For some reason my lighting code always causes errors in gl.h. I’ve asked good ol’ gl man and he seems somewhat stumped as well. I’ve reviewed several examples and compared them to mine (and read through a bit of the red book itself) and I’m yet to see the problem here. This is my lighting class cpp file:
Any help would be appreciated however talk to me like a 3 year old. I have never done lighting before (that I can recall at the moment) and so my knowledge of it is still VERY primitive.
What should my lighting class contain? What kindof functions? I would like to get shadows goin on eventually as well. Thanks again
Why the h.ll you want to make your life worse? Lignthing functions are simple enough & usually you only need glEnable| |Disable(GL_LIGHT0| |LIGHTING) and max no of light is 8 I tried to do somthing similiar at first, but noticed that it’s not worth that. By the way, for serious ligntning you dont use OGL ligghts anyway, there are thing like vertex programs, projected textures+lightmaps If you really want to make all those function calls shorter use inline functions & macros
just a newbie but I thought I would repeat things I have seen before that might be helpful.
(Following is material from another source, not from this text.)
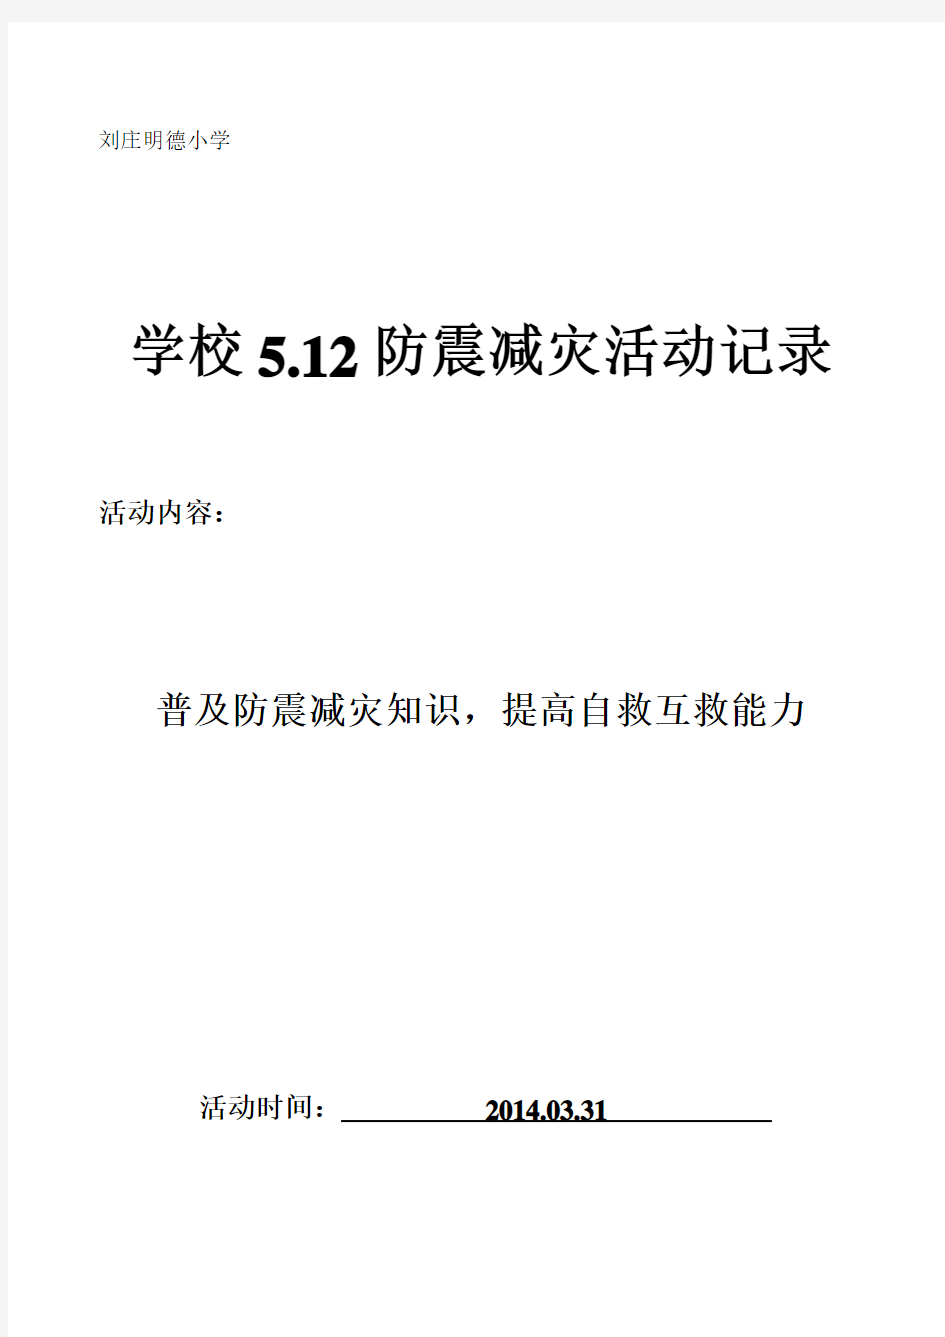 2014年刘庄明德小学5.12防震减灾教育活动

When are you calling make light? Is it after creating your device context?
Also you you have to reennable lighting after you change the lights around?
It’s loooong time since I worked with standart OGL lightning, but as far as I remember all enables were at init() function, & I think positions can be changed even in render f if you wish.
You MUST include windows.h because GL/gl.h REQUIRES it, at least on the Windows platform. The reason is because GL/gl.h uses macros that are defined in windows.h (or a file included from there). OK, it does not require the file itself, but some macros that are defined in there.
However, if you have a REALLY good reason not to include it you can define those macros yourself. Look in the GLUT header for hints on how to do so.
include “lighting.h” AFTER the gl.h and glu.h headers… Your “lighting.h” has types from gl.h, thus you will get errors since the types have not been defined before you use them.
No. If you look inside literally any header you will see include guards in the beginning of the file. <GL/gl.h> have them, so does his <lighting.h>.
#ifndef _LIGHTING_H #define _LIGHTING_H
…
#endif
Tell me if you don’t know how/why they work.
I just want to say some words about the leading underscore. Two leading underscores in an identifier is reserved for the compiler and libraries for the compiler. A single leading underscore with a following capital letter in the global namespace (though I’m not 100% sure about the capital letter) is also reserved for the compiler and it’s libraries. So basically you should not use any names with leading underscores in the global namespace. That include goard above is in the global namespace and is therefore somewhat against the specification. I would suggest not using underscores at all.